Estimation of salt intake and excretion in children in one region of Switzerland: a cross-sectional study

Zeitschrift:
European Journal of Nutrition
Autoren:
Magali Rios-Leyvraz, Pascal Bovet, Murielle Bochud, Bernard Genin, Michel Russo, Michel F. Rossier, René Tabin, Arnaud Chiolero
Wichtige Hinweise

Electronic supplementary material

The online version of this article (https://​doi.​org/​10.​1007/​s00394-018-1845-4) contains supplementary material, which is available to authorized users.

Abstract

Purpose

Salt intake among children in Switzerland is unknown.
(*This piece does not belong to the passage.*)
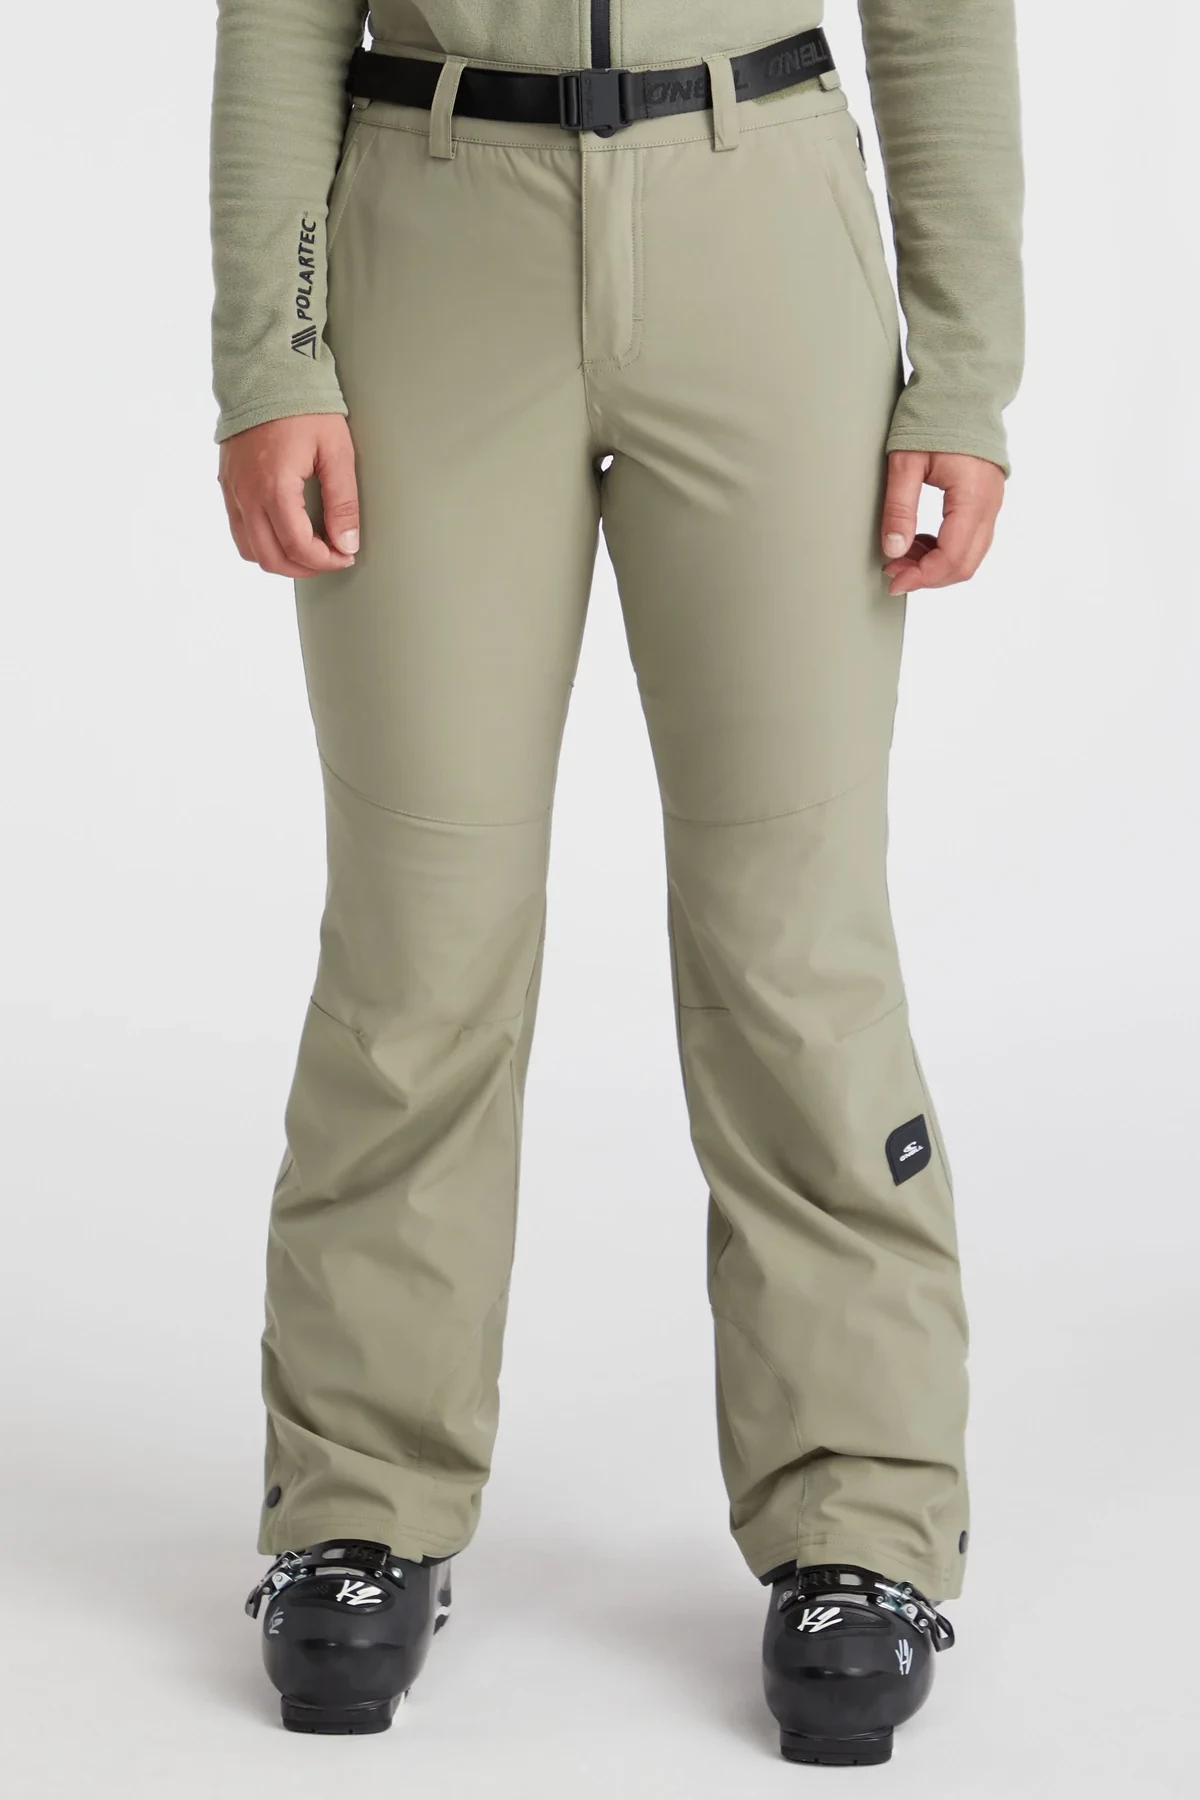 SANDY ski pants – Goldbergh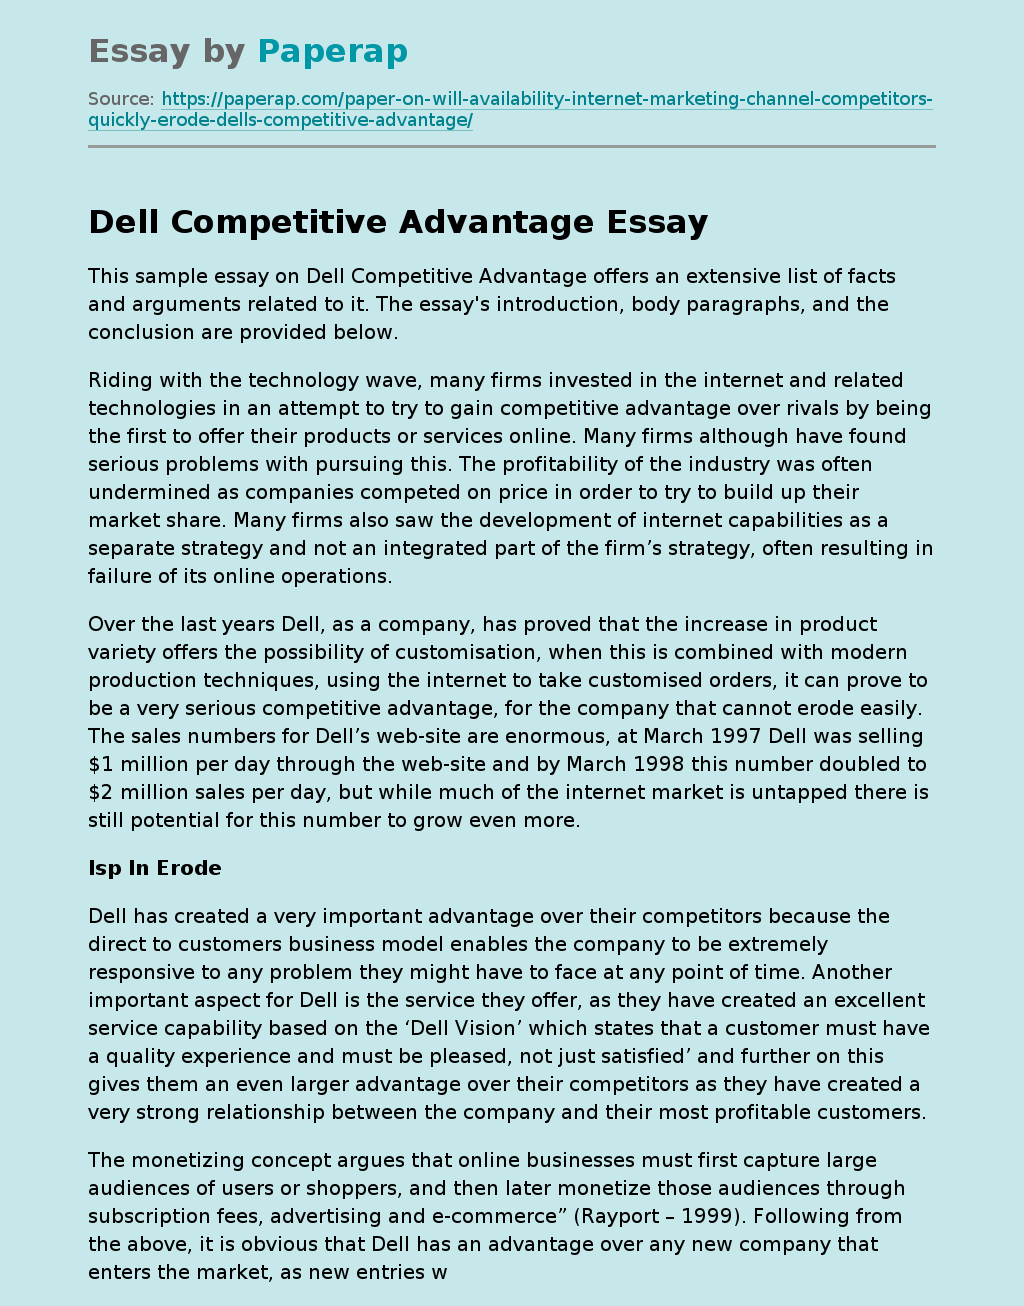 Sample Essay on Dell Competitive Advantage

The objectives of this study were to determine salt excretion and to identify the main dietary sources of salt intake among children in one region of Switzerland.

Methods

We conducted a cross-sectional study using a convenient sample of children 6–16 years of age in Valais, Switzerland, between 2016 and 2018. All children visiting several regional health care providers and without any clinical condition that could affect sodium intake or excretion were eligible. Each child completed a 24-h urine collection to assess salt excretion and two dietary questionnaires to assess dietary sources of salt intake. Weight and height were measured.

Results

Data were available on 94 children (55 boys and 39 girls; mean age 10.5 years; age range 6–16 years). The mean 24-h salt urinary excretion was 5.9 g [SD 2.8; range 0.8–16.0; 95% confidence interval (CI) 5.3–6.5]. Two-thirds (62%) of the children had salt excretions above recommendations of maximum intake (i.e., ≥ 2 g per day for children up to 6 years of age and ≥ 5 g per day for children 7–16 years of age). The salt excretion tended to be higher during the week-end (6.0 g, 95% CI 5.4–6.6) than during the week (5.4 g, 95% CI 4.3–6.7). The main sources of salt intake were pastas, potatoes, and rice (23% of total salt intake), pastries (16%), bread (16%), and cured meats (10%). One child out of three (34%) added salt to their plate at the table.

Conclusions

Salt intake in children in one region of Switzerland was high. Our findings suggest that salt intake in children could be reduced by lowering salt content in commonly eaten foods.

Trial registration number

NCT02900261.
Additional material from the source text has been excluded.